A Coder retry cycle costs more than it looks. A missed import breaks the type checker. Tests fail. The pipeline re-runs the full Coder prompt: reconstructed context, full generation cycle, another test run, potentially a Debugger pass. On a moderately complex ticket that is 20,000 to 30,000 additional input tokens and another 30 to 60 seconds of wall clock time.

A language server diagnostic fix for the same import error: one local process request, zero tokens, one targeted patch, one test re-run. The test re-run is unavoidable. Everything else disappears.

The blast-radius result from the first pre-LSP run on a pagination ticket is concrete. The Planner missed that search.ts was a caller of getAllPosts. The Coder changed the return type. Eleven typecheck errors. A Debugger pass. 92,618 tokens. 122 seconds.

The same ticket with LSP active: no search.ts errors. Typecheck clean. The blast-radius failure did not occur.

	Pre-LSP	Post-LSP
Result	APPROVE	APPROVE
`search.ts` typecheck errors	11	0
`lib/posts.ts` modified	no	yes
Debugger fired for	blast-radius type mismatch	logic bug, unrelated to LSP
Tokens	92,618	95,170
Runtime	122s	97s

The token counts are similar because both runs had a Debugger cycle, just for different reasons. In the pre-LSP run, the Debugger fixed a structural failure caused by a missed blast-radius caller. In the post-LSP run, it fixed a logic error: a validation check placed after a clamping function, so it never fired. That is a different category of failure, one that requires understanding call flow, not just knowing which files were touched. LSP cannot prevent those. That is still the Debugger’s job.

The blast-radius overhead in the pre-LSP run was 33,364 extra input tokens and 74 extra seconds, the cost of missing one caller. That overhead does not appear in the post-LSP run.

The pre-LSP Debugger spent its cycles on structural failures that LSP now prevents. The post-LSP Debugger spent its cycle on something it is actually for.

What changes

The language server starts at boot, not lazily. Decomposition needs reference data before any manifest is produced, so the server has to be ready at preflight, not on first use.

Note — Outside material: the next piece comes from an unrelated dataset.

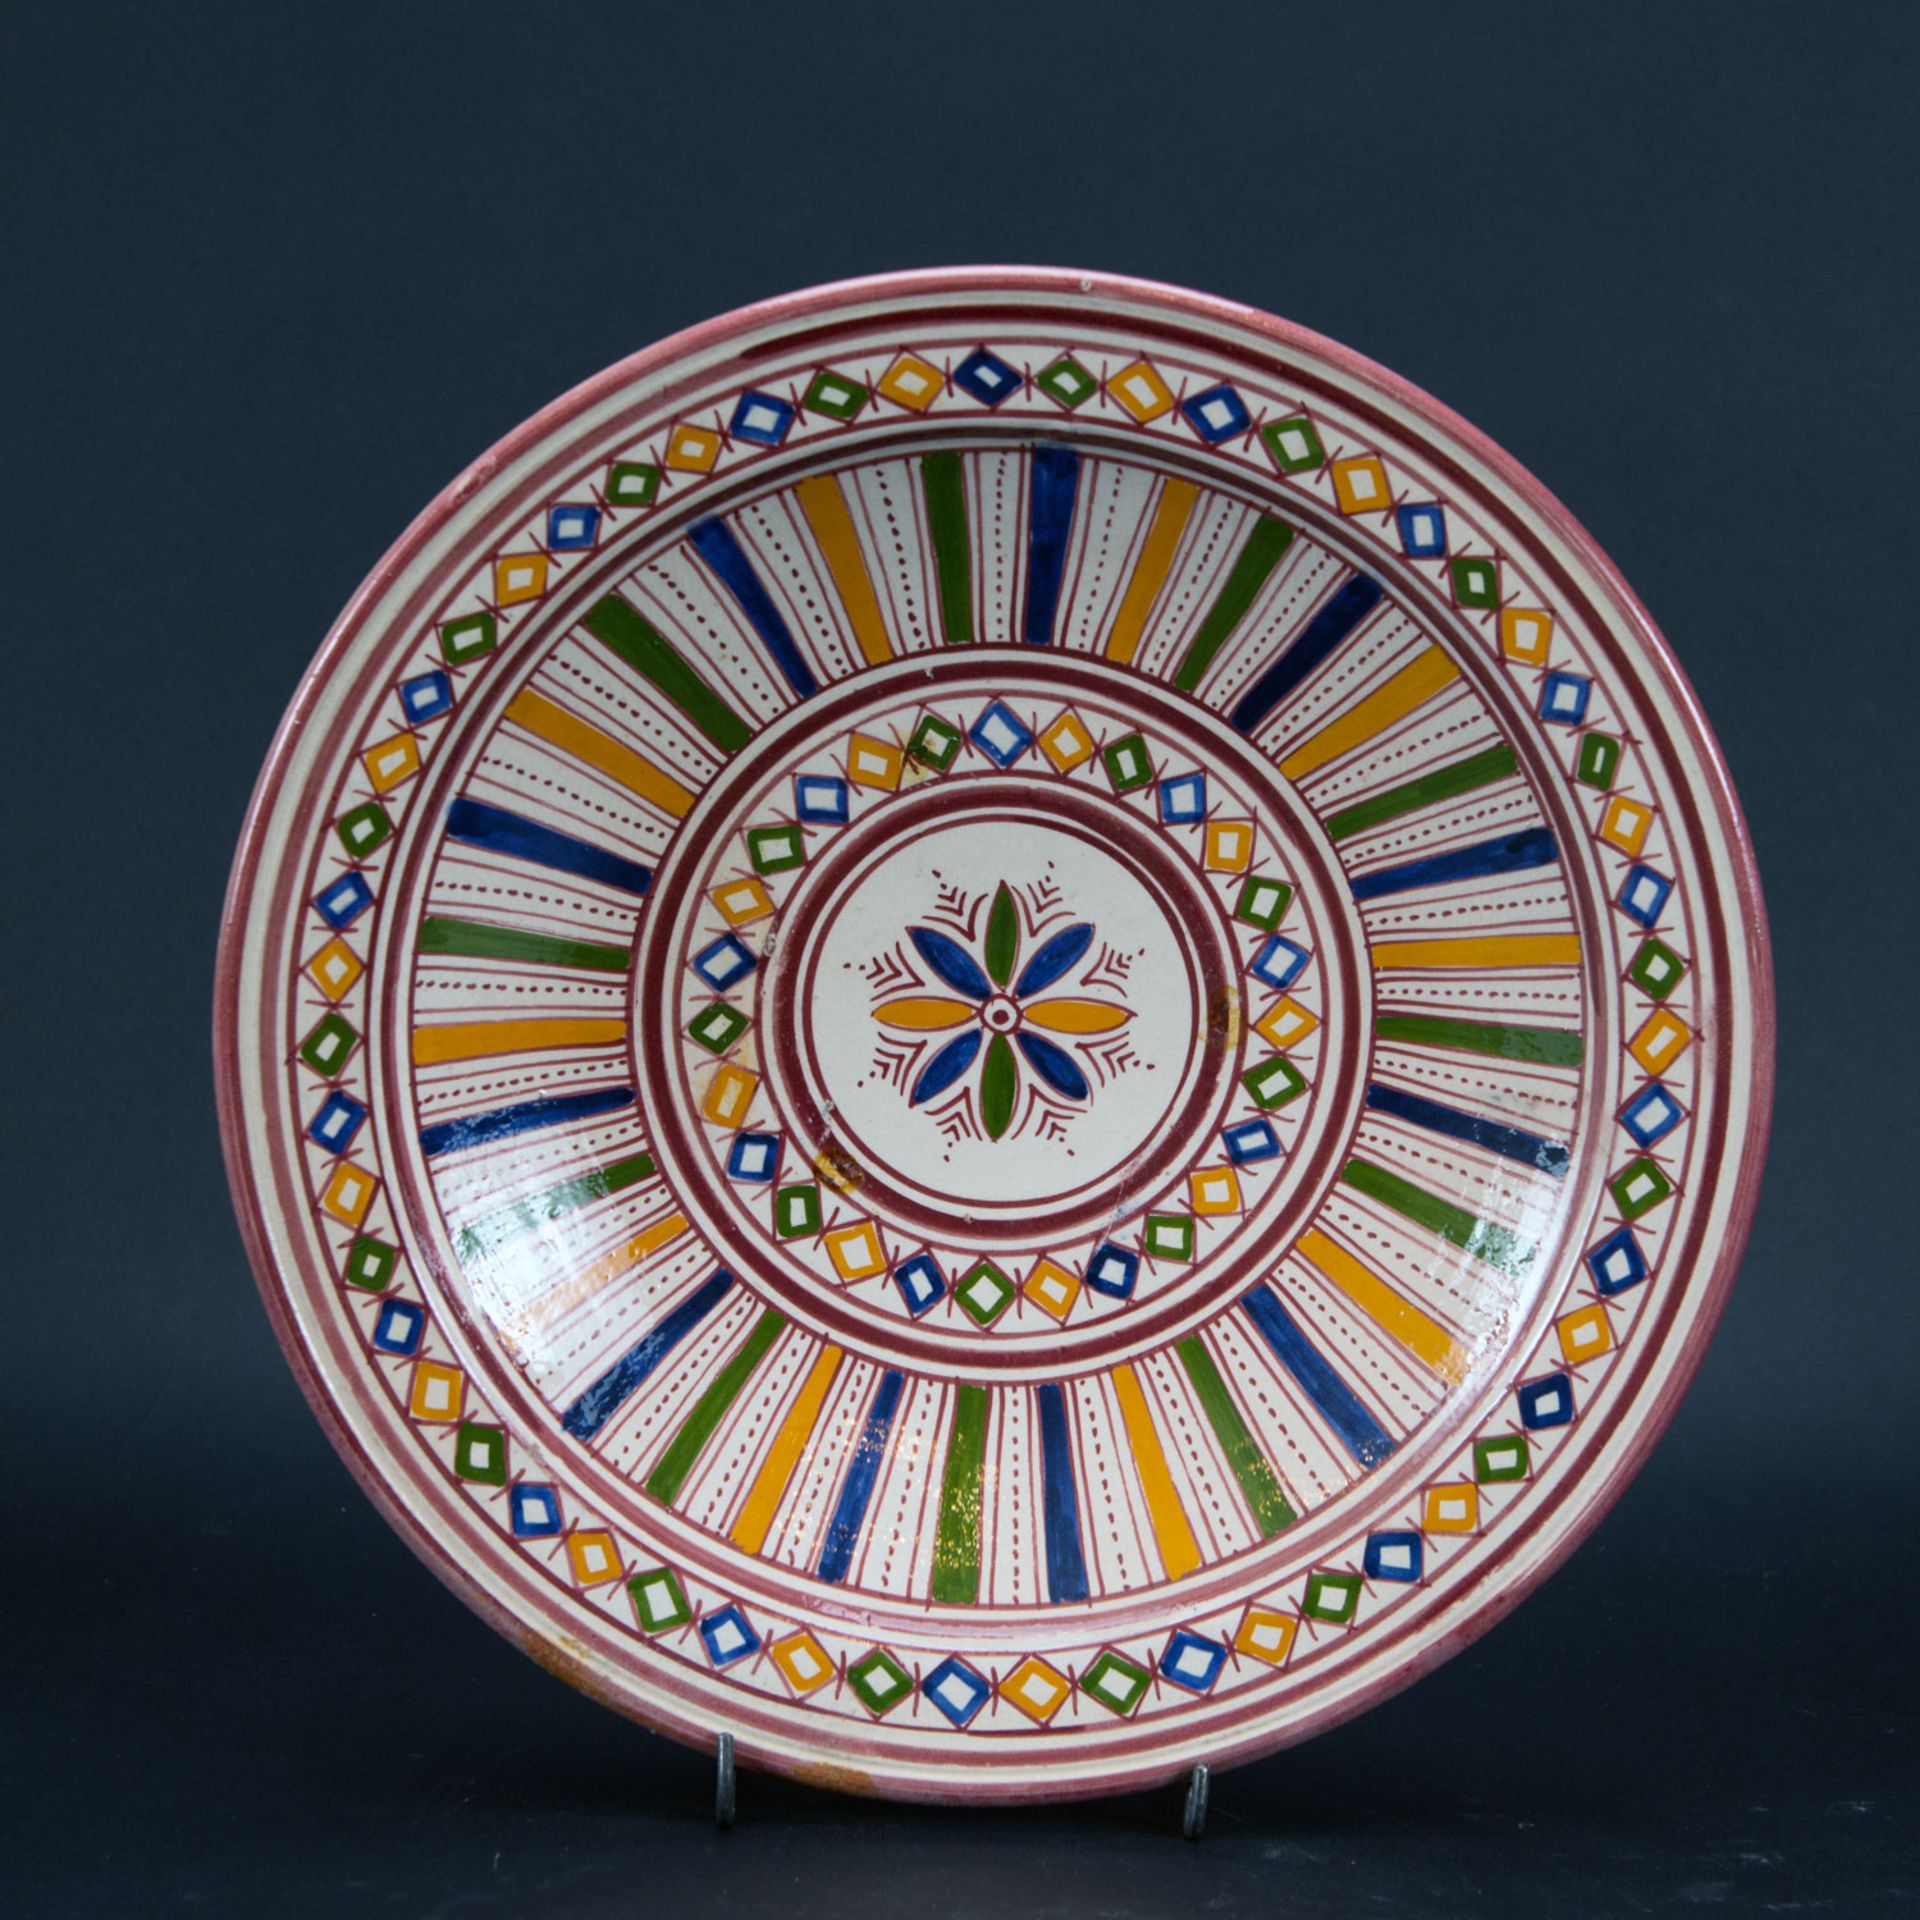 Three Fes Ceramic Plates - Image 2 of 3

A diagnostic pass runs between every Coder write and the test suite. The server checks the modified files for type and import errors before the tests run. Structural problems get caught and fixed before they reach the test suite. The test suite handles logic failures. The diagnostic pass handles structural ones.

They are different problems and should not share the same retry budget.

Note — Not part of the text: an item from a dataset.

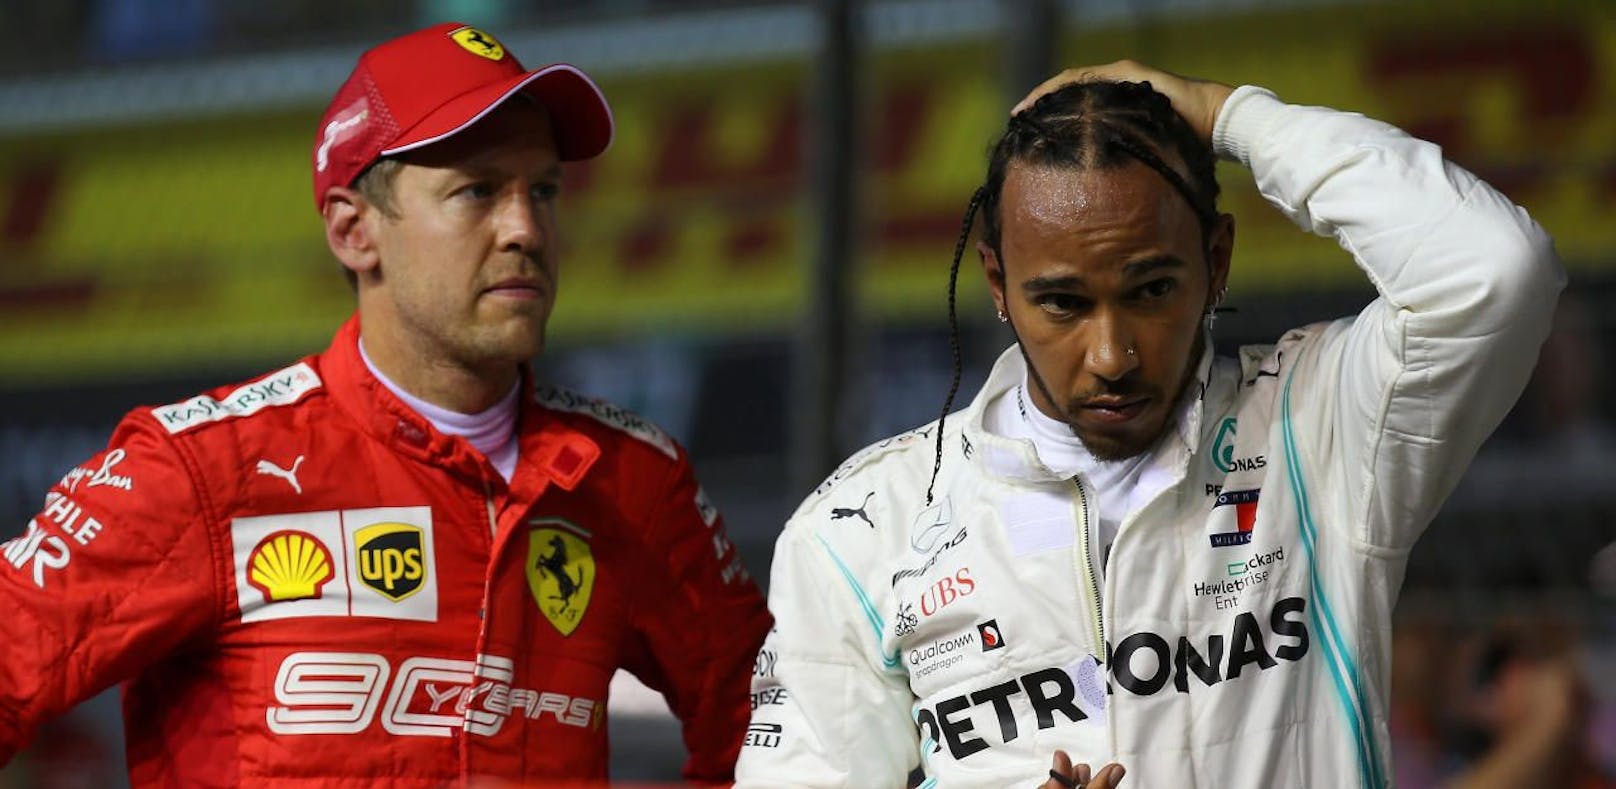 Auf Sebastian Vettel und Lewis Hamilton könnte ein ungemütliches Rennen zukommen.
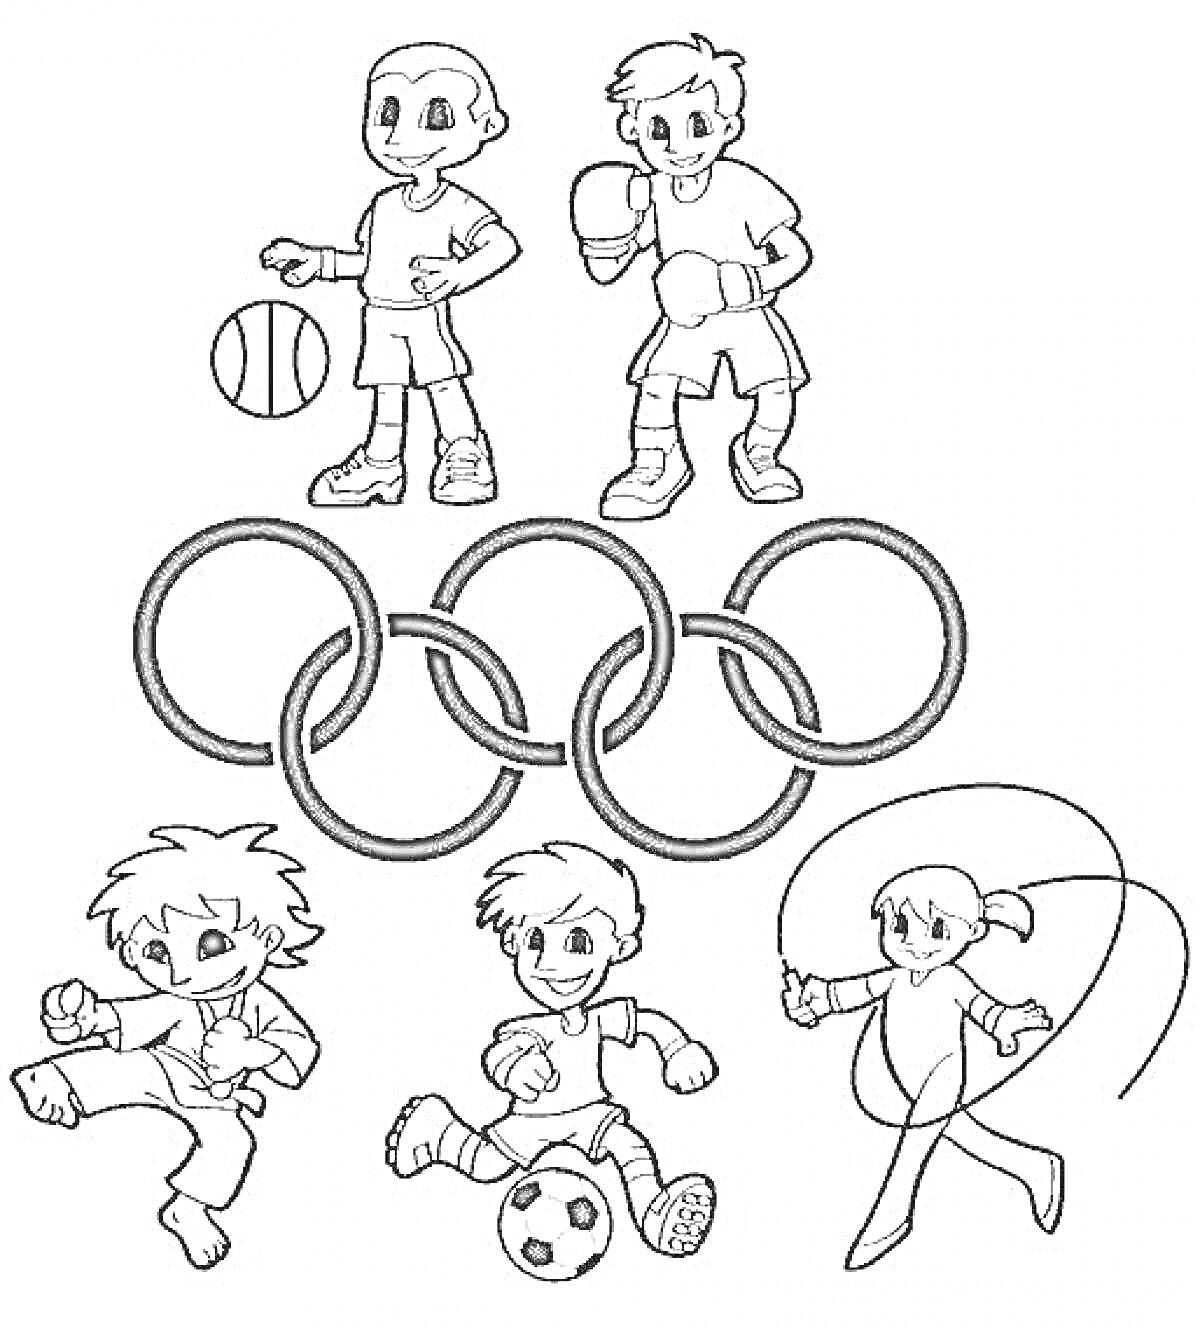 Дети, играющие в баскетбол, бокс, каратэ, футбол и прыгающие через скакалку, с Олимпийскими кольцами

The Debugger is now reserved for genuine logic failures. Import and type errors that previously reached it no longer do.

What does not change

Tree-Sitter and the registry stay. Bulk indexing, domain tagging, content hashing, the context assembler. None of that changes. The registry is still how the Planner navigates the codebase at the start of every ticket. The language server extends it, it does not replace it.

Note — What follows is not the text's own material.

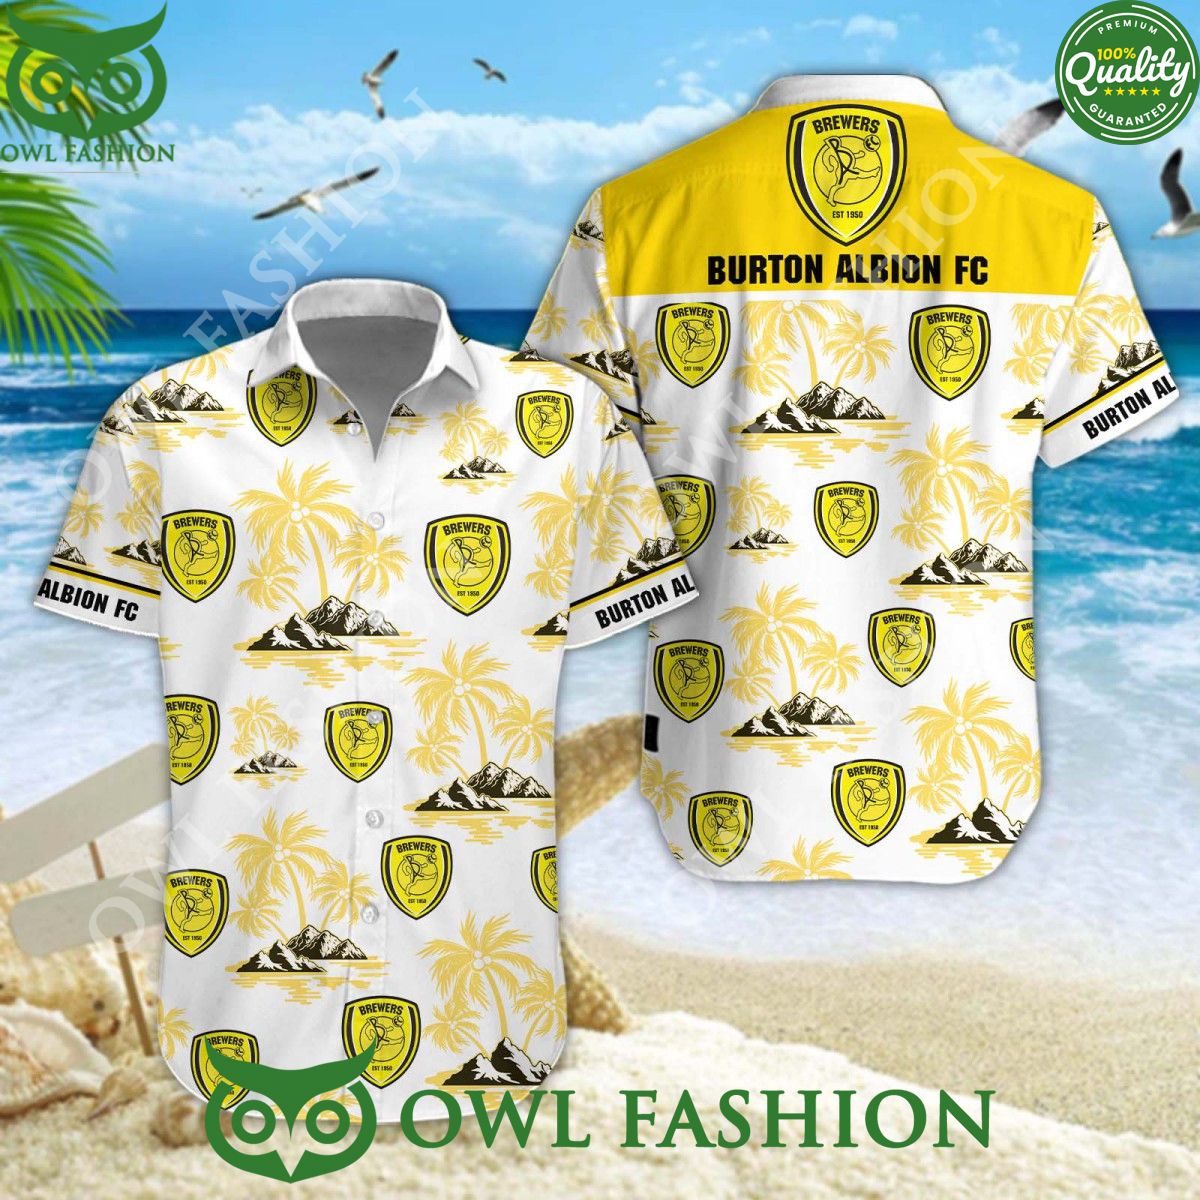 burton albion football club island hawaiian shirt 1 9ZhJk.jpg

The pre-write syntax gate also stays. Tree-Sitter is faster for checking whether a file is structurally valid before writing it to disk. That check runs in the same process, no network hop, sub-millisecond. Using the language server for that would be slower with no benefit.

The test runner stays. LSP diagnostics are a pre-test filter. They catch structural problems early. They do not verify behaviour. That is still the test suite’s job.

What this does not solve

Reference lookup prevents the specific failure where a caller is missed during blast-radius analysis. It does not prevent logic errors, scope misjudgements, or multi-file side effects that do not manifest as type errors. Those are still the Reviewer’s problem to catch. The fixture for this work is a TypeScript blog API, which is small and well-structured. Whether the same approach holds on a larger or messier codebase is not yet tested.

The registry answers “what exists and where.” The language server answers “what calls this and what does it resolve to.” Both are needed. The right question was never which one to use. It was when the second one becomes worth its startup cost. The first retry that hit a missed caller answered it.

The pipeline runs inside Docker on real tickets. Numbers are from actual runs against a TypeScript blog API fixture. Still R&D.